We combine the a and b part of the table.

# Table 2 (table 2a and 2b combined)
table_2 <- round(cbind(table_2_a, table_2_b), 1)
rownames(table_2) <- c('Unadjusted', 'Age', 'Age and sex', 'Age, sex and lipoproteins')
  V(HOMA_IR)a V(Adiposity)a V(PA)a V(HOMA_IR)b V(Adiposity)b V(PA)b
Unadjusted 100.0 100.0 100.0 30.3 72.2 16.4
Age 99.9 99.9 99.8 30.2 72.4 16.4
Age and sex 96.8 95.9 95.8 27.1 73.6 13.2
Age, sex and lipoproteins 74.3 81.1 92.0 13.1 54.1 7.5

Figure 5

In the last experiment, we go back to the enhanced full dataset (ie. includes the target score tTP and the 26 lipoproteins) and perform covariate projection.
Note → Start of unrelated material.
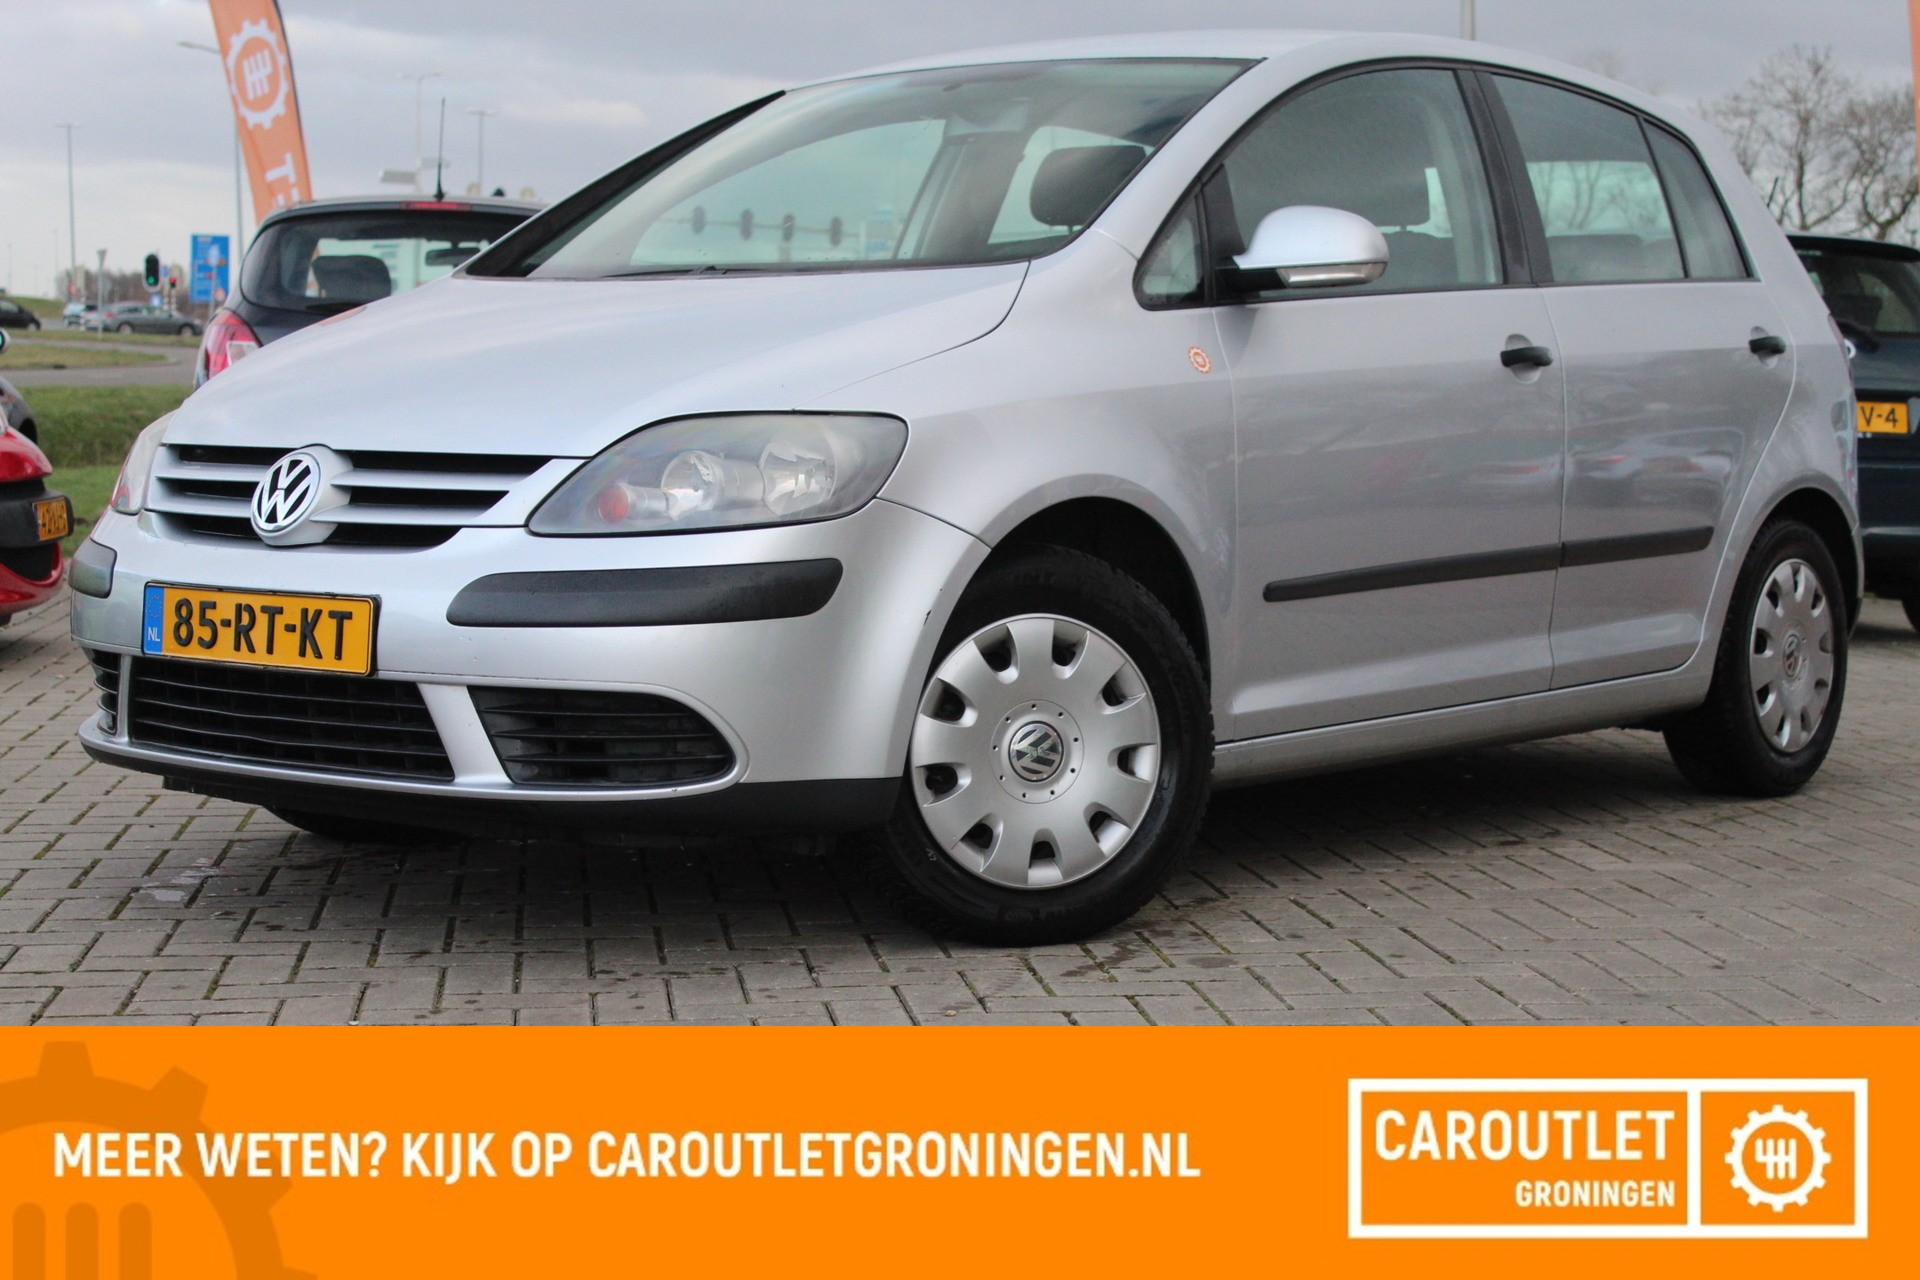 Caroutlet Groningen - Volkswagen Golf Plus 1.6 FSI | AIRCO | TREKH | ELEK PAKKET

Age, sex and the target projection score tTP will be used as covariates.

full_dataset_adjustment <- mvpa::perform_covariate_projection(X_aug = enhanced_standardized_dataset,
                                                              covariates = c('Age', 'Sex', 'tTP'),
                                                              standardize = TRUE)

full_dataset_adjusted <- mvpa::remove_variables(data = full_dataset_adjustment$residual_variance_df,
                                                vars_to_remove = c('Age', 'Sex', 'tTP'))

# Reorder variables for plotting
figure_5_dataset <- full_dataset_adjusted[c('HOMA_IR', adiposity_values, lipoproteins, PA_values)]

After the adjustment, PLS-R is performed.

# PLS-R
# Response: HOMA_IR
# Explanatory variables: Adiposity values, PA values, lipoproteins
#                        after adjustment for age, sex and the lipoprotein target component
# Optimal number of components: 3
set.seed(55)
figure_5_result <- mvpa::perform_mc_pls_tp(data = figure_5_dataset,
                                           response = 'HOMA_IR',
                                           mc_resampling = TRUE,
                                           nr_components = 8,
                                           nr_repetitions = 1000,
                                           cal_ratio = 0.5,
                                           validation_threshold = 0.5,
                                           standardize = FALSE)

# Optimal number of components
figure_5_result$A_optimal

# Normalize the explained variance in the response, using the percent of the remaining variance after the adjustment
# (-> V(HOMA_IR)a = 74.3%, adjusted for age, sex and the lipoproteins which are represented by the target score tTP)
figure_5_explained_variance_normalized <- sum(figure_5_result$explained_variance_in_y) * table_2['Age, sex and lipoproteins', 'V(HOMA_IR)a']

# Selectivity fraction (SF) plot
figure_5 <- mvpa::plot_tp_value_mc(result_list = figure_5_result,
                                   tp_value_to_plot = 'selectivity_fraction',
                                   component = figure_5_result$A_optimal,
                                   confidence_limits = c(0.025, 0.975),
                                   rotate = TRUE)

explained_variance_lipoproteins <- mean(figure_5_result$target_projection_A_opt$explained_variance[lipoproteins, ]) * 100
explained_variance_PA <- mean(figure_5_result$target_projection_A_opt$explained_variance[PA_values, ]) * 100
explained_variance_adiposity <- mean(figure_5_result$target_projection_A_opt$explained_variance[adiposity_values, ]) * 100

Figure 5. The association patterns with data adjusted for age, sex and the lipoprotein target component associated to HOMA-IR and with the 26 lipoprotein features included as explanatory variables.